Workshop: Agent Memory Design

Question

What would an ideal memory system for agents look like if storage were treated as cheap, session logs were captured in full, and almost all design effort moved from storage policy to retrieval and activation?

Why this workshop exists

This workshop starts from a strong working premise: the binding constraint in agent systems is not disk, it is bounded context. That suggests a design inversion:

  • store aggressively, including session logs, intermediate artifacts, corrections, and observations
  • spend design intelligence on retrieval, activation, promotion, and graduation

The goal is to work out what architecture makes that premise usable rather than noisy. A store-everything system without good retrieval is just a larger haystack.
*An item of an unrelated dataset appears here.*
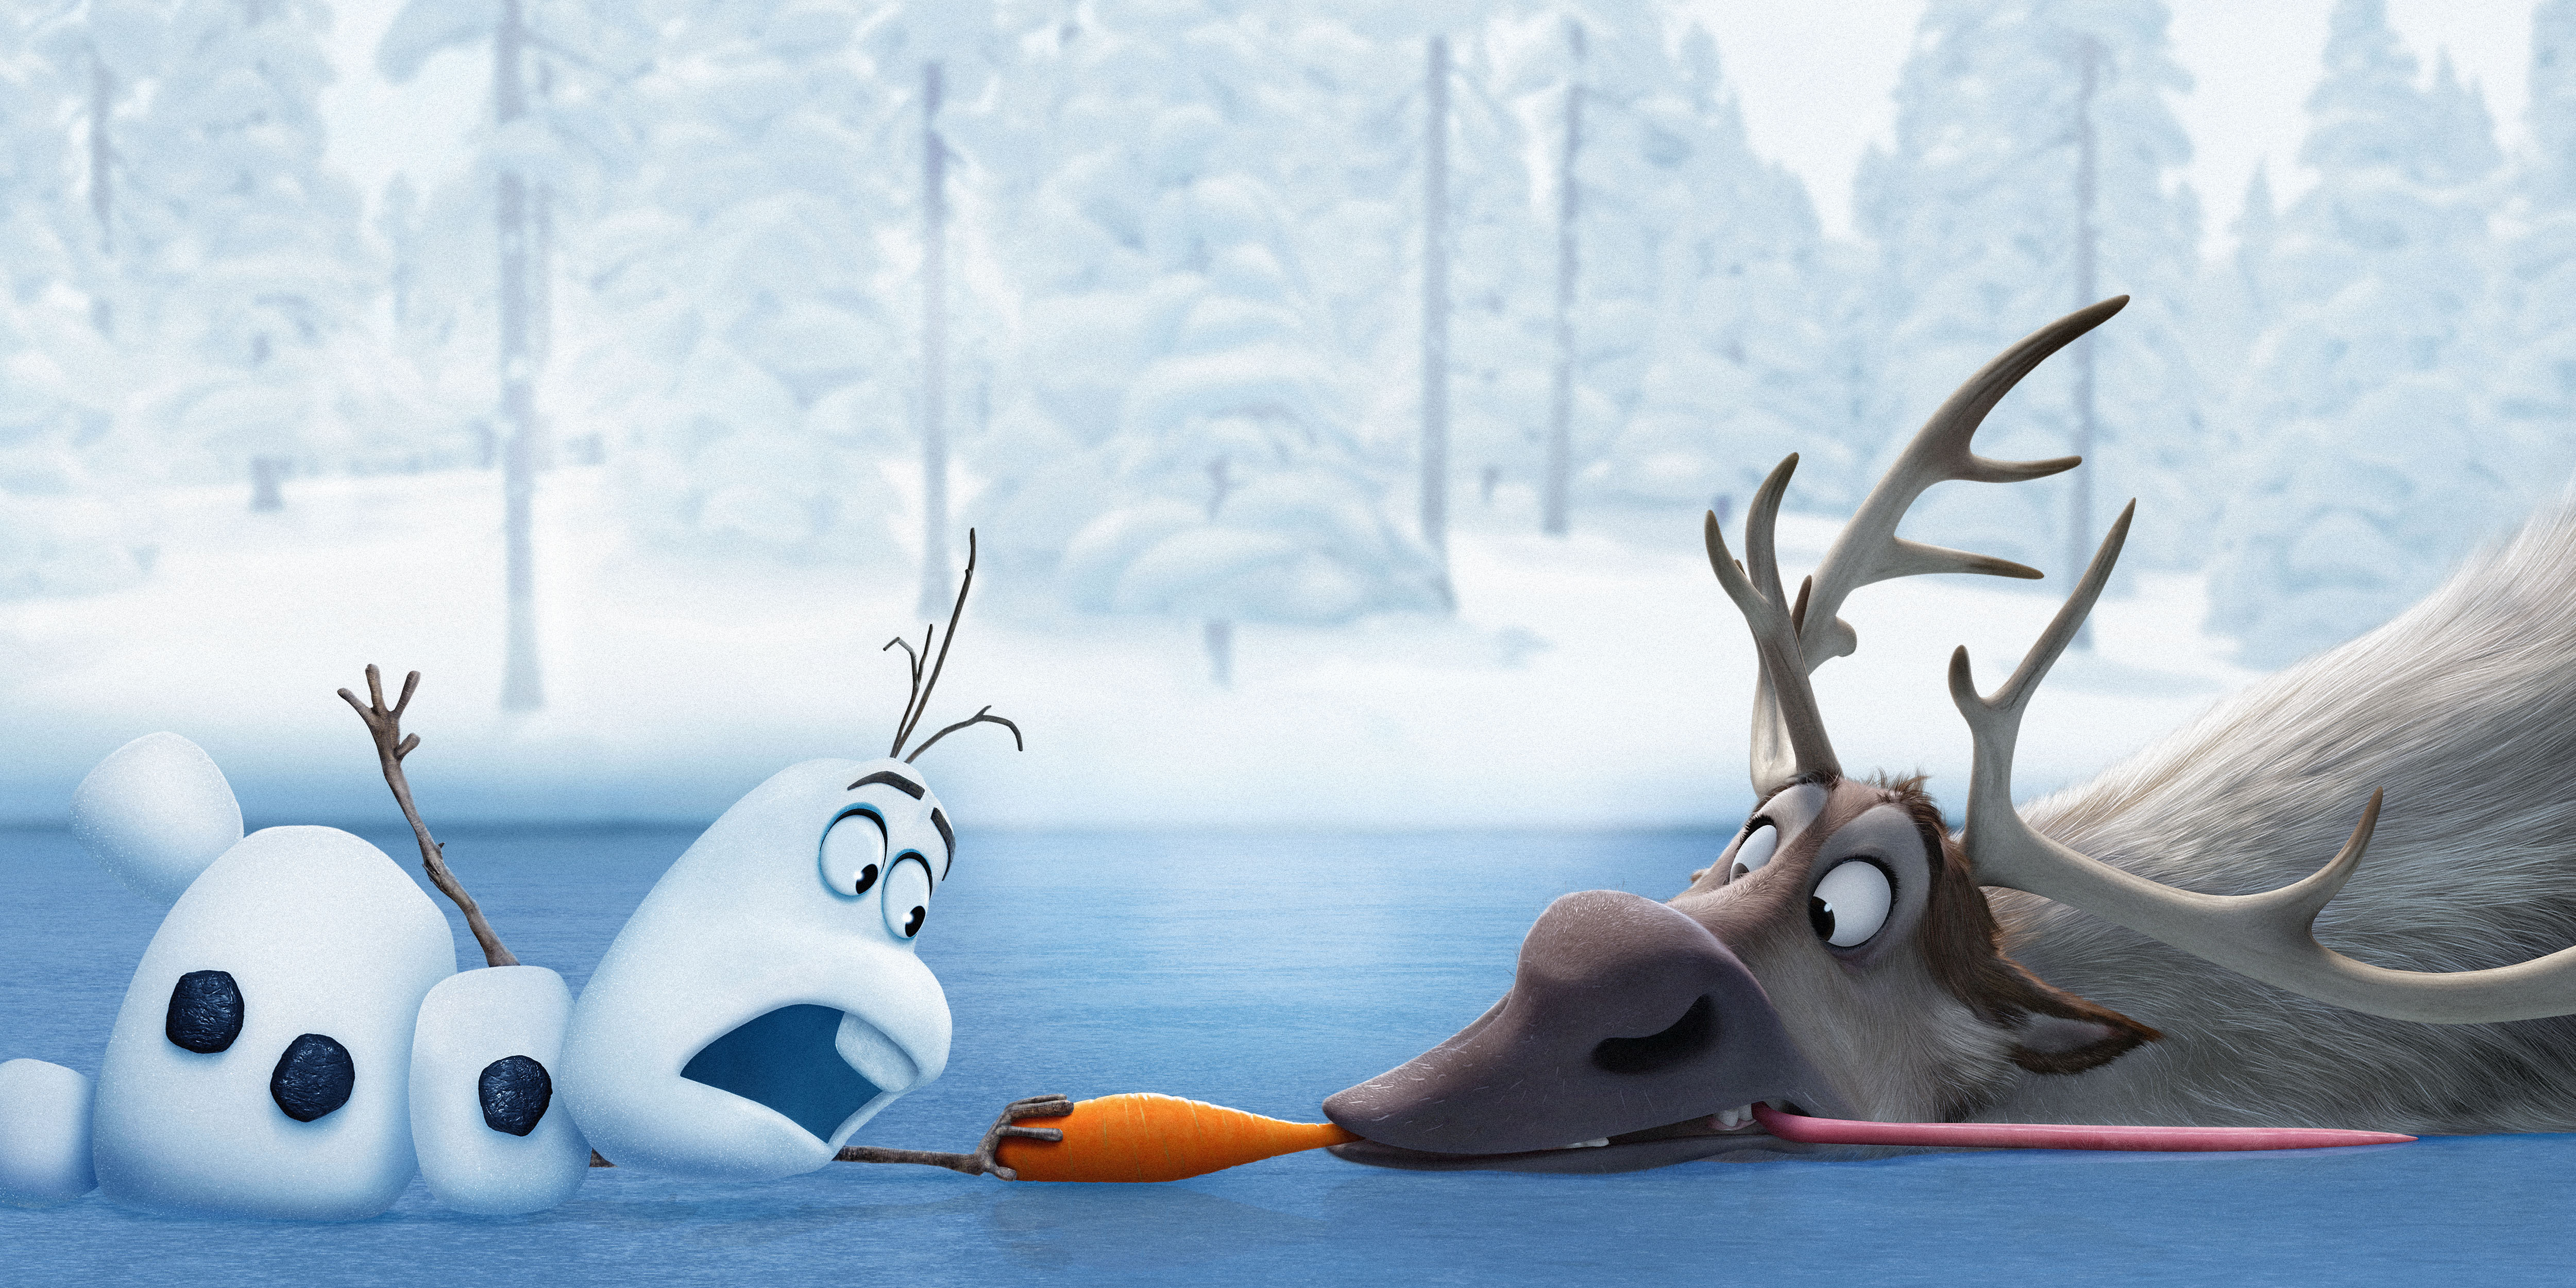 Disney Frozen Wallpaper Olaf Fr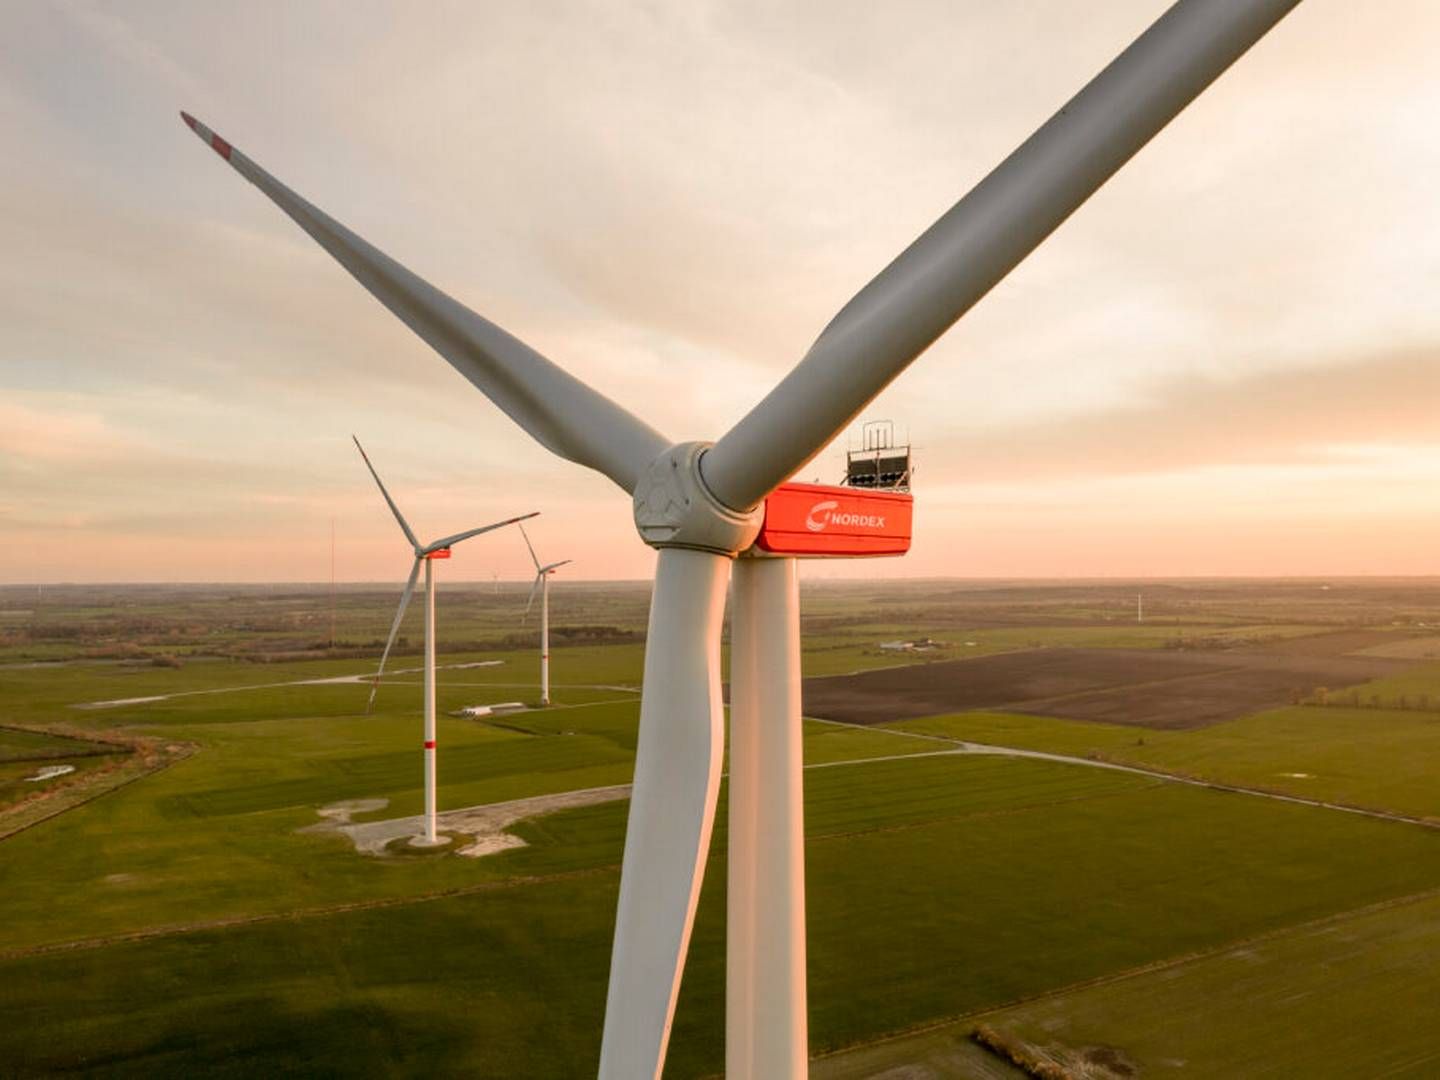 "Ordrerne kommer ikke rigtigt endnu, men jeg vil stadig gerne have, at producenterne af vindmøller fastholder kapaciteten nu og om nødvendigt udvider den,” siger den tyske økonomi- og klimaminister. | Foto: Nordex

The workshop is grounded in the KB's existing memory and context-engineering theory, plus the comparative review of agent memory systems. It focuses especially on the value of session logs as a substrate for decision provenance, correction consolidation, preference mining, procedure extraction, and ADR drafting.

Current grounding

What this workshop needs to resolve

  1. What layered architecture makes "store everything, load selectively" practical?
  2. What retrieval methods surface action-relevant knowledge rather than just answer semantic queries?
  3. What useful signal types can be extracted from session logs, and which of them have clear enough oracles to automate?
  4. Where is the boundary between the memory system and standard project artifacts like code, docs, ADRs, and CLAUDE.md?
  5. What graduation pathways turn accumulated observations into durable artifacts without creating premature maintenance burden?

Working hypotheses

  • Session logs are a primary memory substrate, not disposable exhaust.
  • Raw traces should be retained for provenance but not loaded directly into active context.
  • Observation and episode layers are likely the missing middle between raw traces and curated library notes.
  • Search is a better fit for lower memory layers; navigation is a better fit for synthesized artifacts and library notes.
  • The memory system should feed manual distillation workflows like ADRs and conventions before trying to replace them.

Starter artifacts

Open questions

  • How inspectable should the retrieval policy be versus how much should be learned from usage?
  • Can composite weak signals from session logs produce a practical soft oracle for promotion and graduation?
  • How should episode boundaries be detected when work spans multiple sessions or interleaves topics?
  • What storage medium fits each layer best without making the system operationally awkward?
  • When does storing everything become retrieval pollution rather than useful substrate?